■ What you should do:
Report all lines from the entries below in which "Cover" appears.

■ Records contained in a dataset:
┄┄┄┄┄┄┄┄┄┄┄┄┄┄┄┄┄┄┄┄

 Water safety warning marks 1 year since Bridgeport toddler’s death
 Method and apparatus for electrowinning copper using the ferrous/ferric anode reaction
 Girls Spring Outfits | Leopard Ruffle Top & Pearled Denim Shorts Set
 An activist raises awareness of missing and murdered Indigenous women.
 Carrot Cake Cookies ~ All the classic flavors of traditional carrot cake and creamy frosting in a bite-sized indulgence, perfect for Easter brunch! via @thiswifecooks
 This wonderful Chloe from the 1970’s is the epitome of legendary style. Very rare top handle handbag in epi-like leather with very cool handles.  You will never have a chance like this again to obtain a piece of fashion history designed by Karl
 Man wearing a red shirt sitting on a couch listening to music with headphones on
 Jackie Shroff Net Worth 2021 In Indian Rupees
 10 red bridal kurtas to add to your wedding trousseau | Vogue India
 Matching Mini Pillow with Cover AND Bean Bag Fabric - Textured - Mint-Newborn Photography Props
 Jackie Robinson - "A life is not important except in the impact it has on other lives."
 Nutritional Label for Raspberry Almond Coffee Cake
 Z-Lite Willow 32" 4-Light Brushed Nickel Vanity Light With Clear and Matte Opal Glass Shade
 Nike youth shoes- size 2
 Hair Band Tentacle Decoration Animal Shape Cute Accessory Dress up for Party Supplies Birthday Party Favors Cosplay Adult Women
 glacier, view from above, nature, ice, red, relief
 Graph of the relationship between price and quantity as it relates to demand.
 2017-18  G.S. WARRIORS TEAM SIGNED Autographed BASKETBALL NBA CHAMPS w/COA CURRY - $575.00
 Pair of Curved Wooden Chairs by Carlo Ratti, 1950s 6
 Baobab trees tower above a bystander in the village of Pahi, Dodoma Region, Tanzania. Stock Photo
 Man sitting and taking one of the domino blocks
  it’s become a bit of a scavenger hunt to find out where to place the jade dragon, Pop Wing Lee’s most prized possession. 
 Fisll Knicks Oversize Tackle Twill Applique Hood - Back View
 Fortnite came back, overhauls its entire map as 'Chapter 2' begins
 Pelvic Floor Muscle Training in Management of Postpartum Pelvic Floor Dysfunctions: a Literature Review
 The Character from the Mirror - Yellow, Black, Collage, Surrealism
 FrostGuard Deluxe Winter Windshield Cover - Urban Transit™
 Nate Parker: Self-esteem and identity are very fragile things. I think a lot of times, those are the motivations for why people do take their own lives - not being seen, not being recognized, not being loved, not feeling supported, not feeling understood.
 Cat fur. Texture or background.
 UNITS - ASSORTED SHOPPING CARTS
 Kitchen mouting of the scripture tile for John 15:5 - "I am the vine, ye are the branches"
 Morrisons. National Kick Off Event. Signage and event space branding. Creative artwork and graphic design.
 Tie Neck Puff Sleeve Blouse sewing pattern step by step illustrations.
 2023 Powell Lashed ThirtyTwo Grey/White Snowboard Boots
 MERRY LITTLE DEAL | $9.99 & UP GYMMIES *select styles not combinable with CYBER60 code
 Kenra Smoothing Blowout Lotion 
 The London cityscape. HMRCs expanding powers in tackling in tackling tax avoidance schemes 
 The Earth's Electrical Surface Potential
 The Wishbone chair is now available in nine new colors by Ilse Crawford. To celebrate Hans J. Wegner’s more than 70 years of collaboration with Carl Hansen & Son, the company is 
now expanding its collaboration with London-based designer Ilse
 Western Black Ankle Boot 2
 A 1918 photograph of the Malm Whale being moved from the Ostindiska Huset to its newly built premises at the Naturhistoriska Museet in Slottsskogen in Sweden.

┄┄┄┄┄┄┄┄┄┄┄┄┄┄┄┄┄┄┄┄

■ Written response:
 Matching Mini Pillow with Cover AND Bean Bag Fabric - Textured - Mint-Newborn Photography Props
 FrostGuard Deluxe Winter Windshield Cover - Urban Transit™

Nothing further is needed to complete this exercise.